Supplement to Prospectus Supplement dated March 30, 2022
(To the Prospectus dated January 21, 2022)

CROWN ELECTROKINETICS CORP.

Up to $2,000,000
COMMON STOCK

This prospectus supplement, or this supplement, supplements, modifies and supersedes, only to the extent indicated herein, certain information contained in our prospectus supplement dated March 30, 2022, which together with the accompanying prospectus dated January 21, 2022 contained in our Registration Statement on Form S-3 (Registration No. 333-262122), we refer to as the prospectus, relating to the issuance and sale of shares of common stock, par value $0.001 per share, of Crown Electrokinetics Corp. (the “Company”, “we”, or “us”), from time to time through our sales agent, A.G.P./Alliance Global Partners (“A.G.P.” or the “Sales Agent”). These sales, if any, will be made pursuant to the terms of the Sales Agreement (the “Sales Agreement”), by and between the Company and the Sales Agent.

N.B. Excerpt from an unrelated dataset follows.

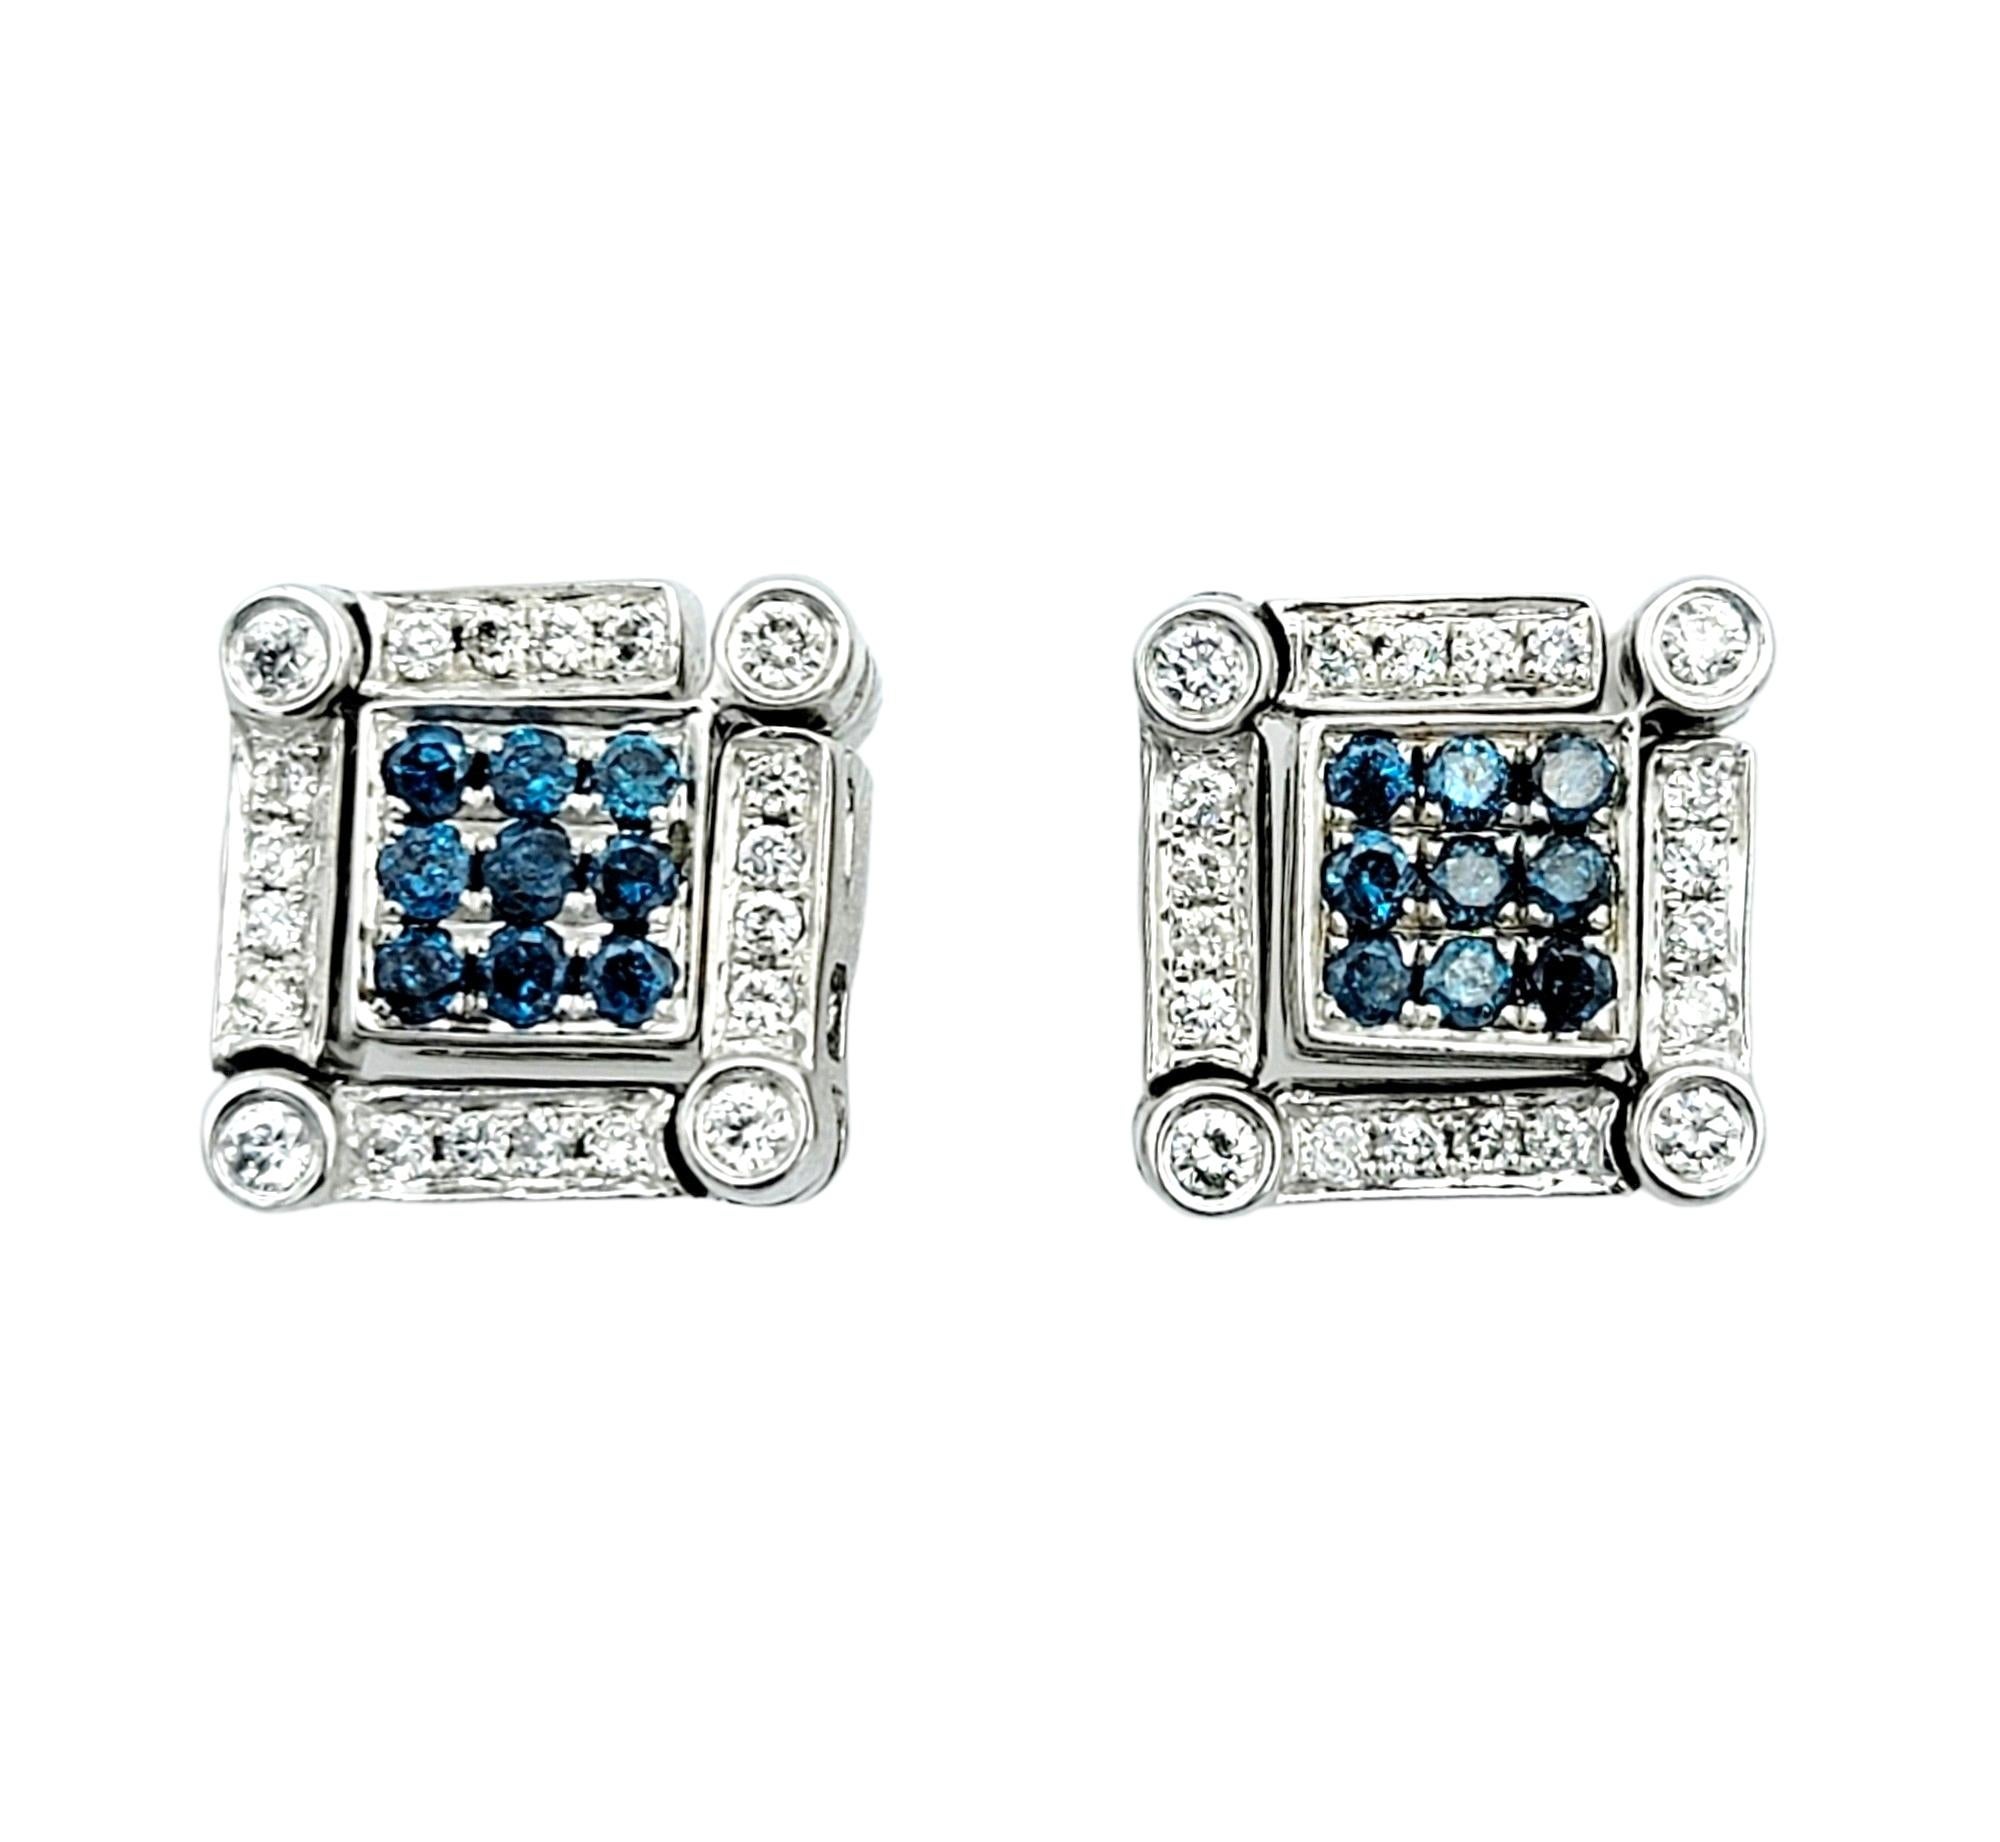 Contemporary Convertible White & Blue Diamond 4 Way Stud and Dangle 14K White Gold Earrings For Sale

This supplement should be read in conjunction with, is not complete without, and may not be delivered or utilized except in connection with, the prospectus, including all supplements thereto and documents incorporated by reference therein. If there is any inconsistency between the information in the prospectus and this supplement, you should rely on the information in this supplement. Any information that is modified or superseded in the prospectus shall not be deemed to constitute a part of the prospectus, except as modified or superseded by this supplement.

We are filing this supplement to supplement and amend, as of July 19, 2022, the prospectus to reduce the maximum aggregate offering price of our common stock that may be offered, issued and sold under the Sales Agreement. Accordingly, we may offer and sell shares of our common stock having a maximum aggregate offering price of up to $2,000,000 from time to time through the Sales Agent, acting as our sales agent or principal in accordance with the Sales Agreement. As of the date of the filing of this supplement, we have sold 51,169 shares of common stock covered by the prospectus pursuant to the Sales Agreement for gross proceeds of $59,697.30.

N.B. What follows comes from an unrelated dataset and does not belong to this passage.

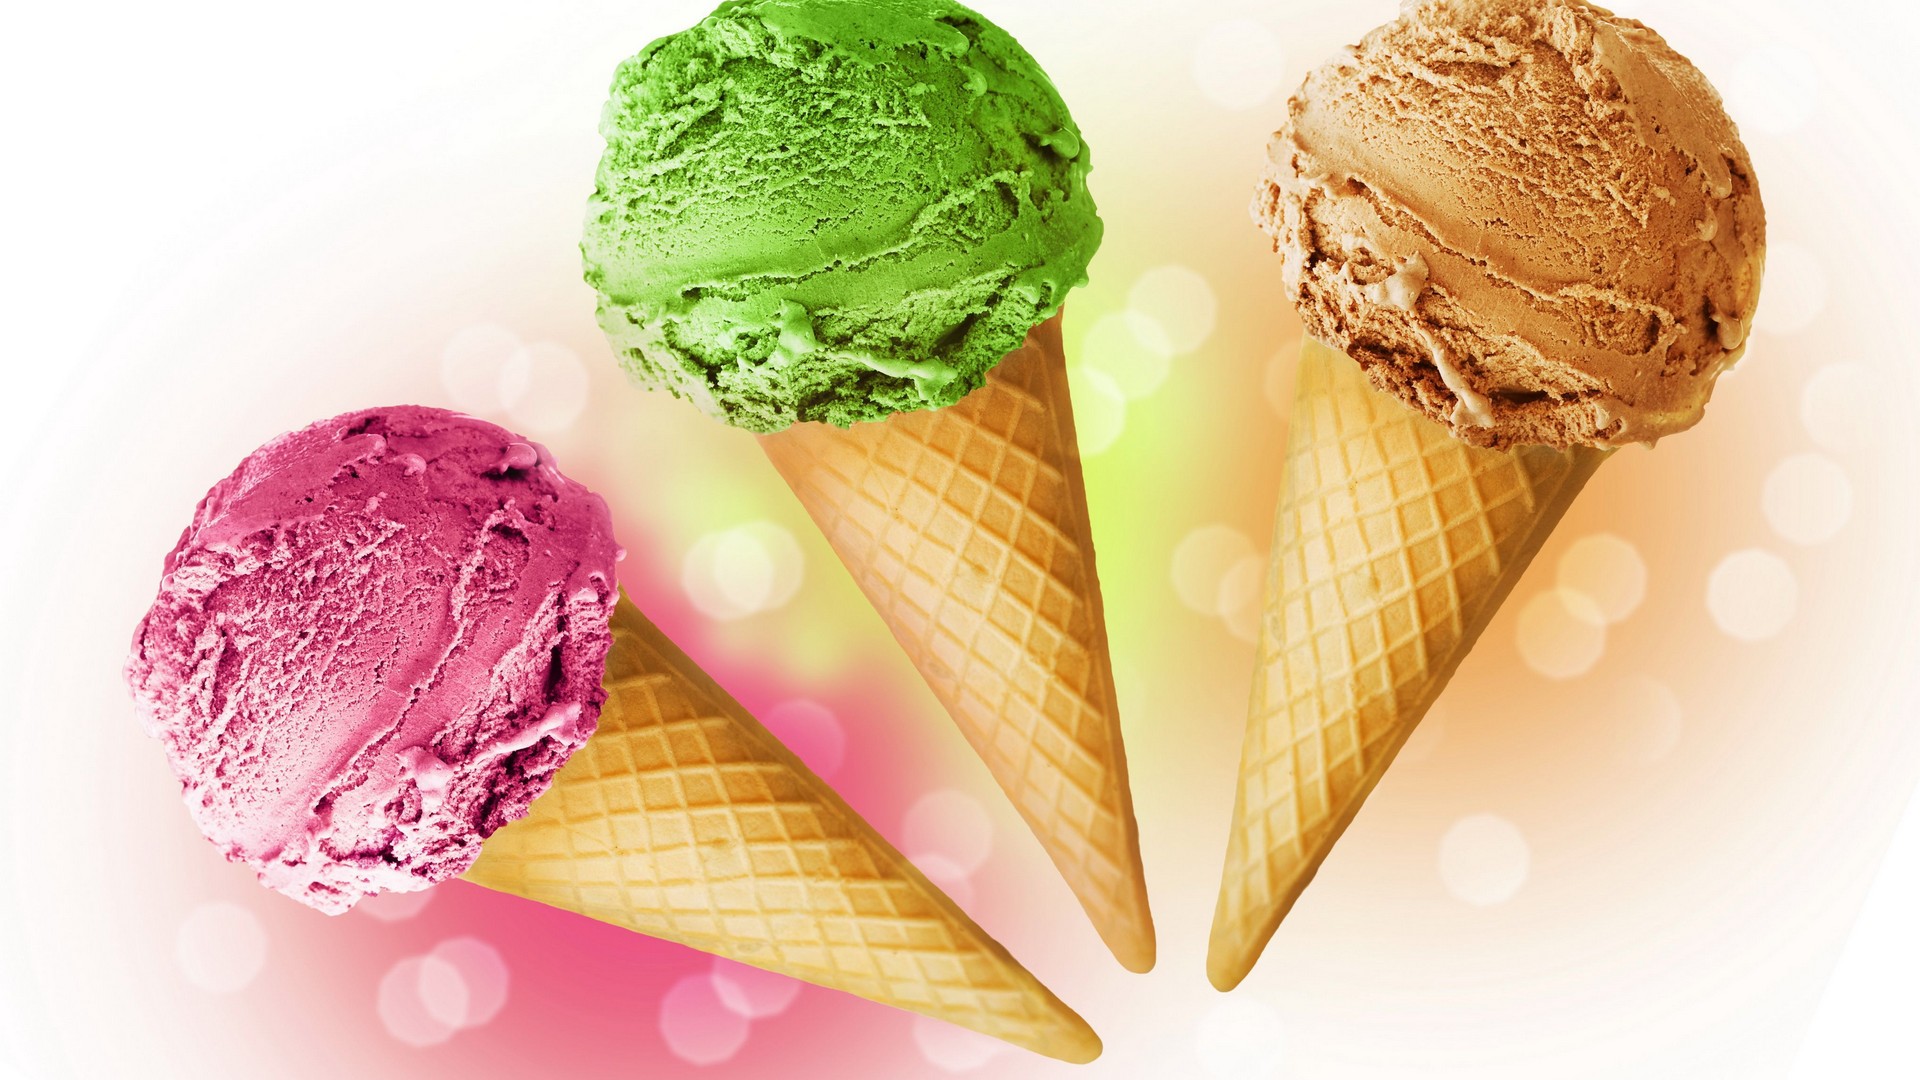 Wallpaper Ice Cream Cone Desktop with high-resolution 1920x1080 pixel. You can use this wallpaper for your Windows and Mac OS computers as well as your Android and iPhone smartphones

Our common stock is traded on the Nasdaq Capital Market, or Nasdaq, under the symbol “CRKN”. On July 18, 2022, the closing sale price of our common stock on Nasdaq was $1.075 per share.

Sales of shares of our common stock under the prospectus, if any, may be made by any method deemed to be an “at the market offering” as defined in Rule 415 under the Securities Act of 1933, as amended (the “Securities Act”).

The Sales Agent will be entitled to compensation under the terms of the Sales Agreement at a commission rate equal to 3.0% of the gross sales price from sales of shares under this offering. We will use the net proceeds from any sales under the prospectus as described under “Use of Proceeds” in the prospectus. The amount of proceeds we receive from sales of our common stock, if any, will depend on the number of shares actually sold and the offering price of such shares.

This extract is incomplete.